Миры Рэя Брэдбери. Том 5 - Рэй Брэдбери 9 стр.


Один из полисменов, небрежно положив руку на кобуру, прищуренным глазом обвел шатер.

— Вот парень говорит…

— Говорит?! — захохотал мистер Дарк.

Уродцы подскочили и забились в припадке. Мистер Дарк слегка похлопал и огладил свои картинки, и существа в шатре тут же затихли, словно их тоже похлопали и огладили.

— О чем он может говорить? — пренебрежительно произнес мистер Дарк. — Что он мог видеть? Эта публика часто пугается на представлениях. Стоит выскочить уродцу — и он уже задал стрекача. Но этой ночью, этой ночью особенно…

Полисмен, не слушая, показал пальцем на мумию, восседавшую на Электрическом Стуле.

— Это кто?

— Этот?

Вилли заметил огонь, метнувшийся в глазах мистера Дарка. Впрочем, Человек-в-Картинках тут же взял себя в руки.

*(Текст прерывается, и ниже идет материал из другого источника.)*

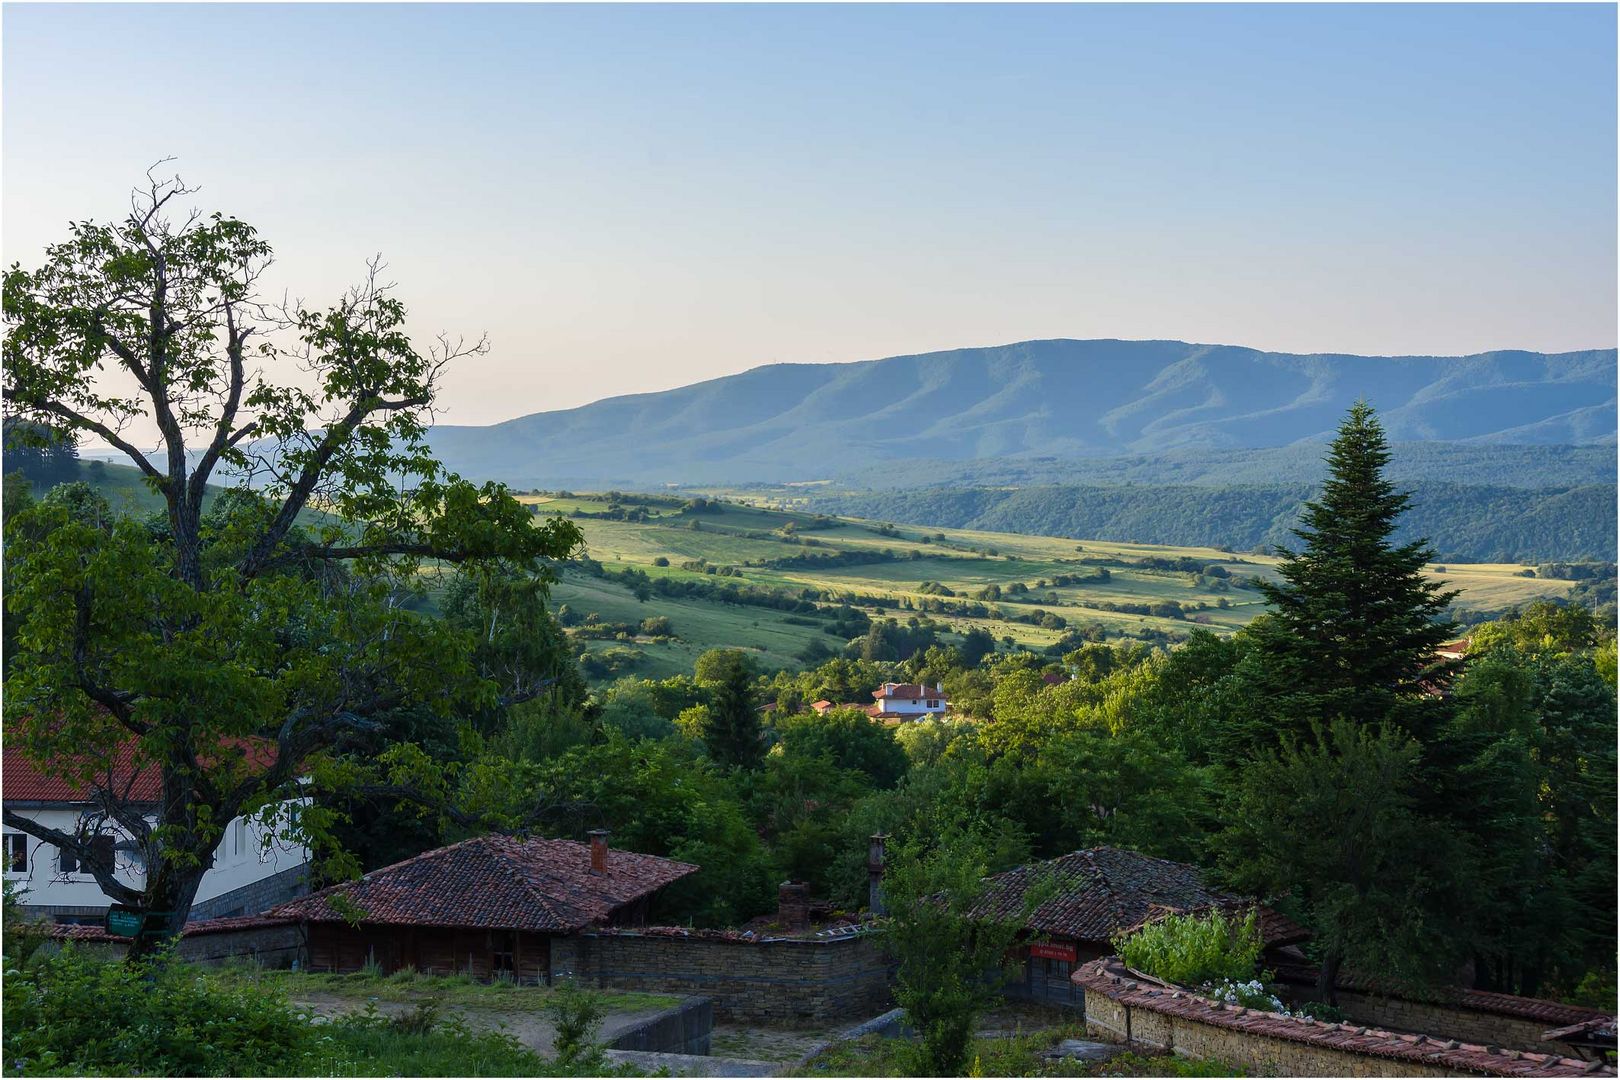 Sherawna ein Dorf im Balkangebirge

— Это наш новый номер, МИСТЕР ЭЛЕКТРИКО!

— Нет! — завопил Вилли, и все повернулись к нему. — Вы только посмотрите на старика! Разве вы не видите? Он же мертвый! Его же только эти скобы да провода и держат!

Санитары как-то скептически посмотрели на узника Электрического Стула.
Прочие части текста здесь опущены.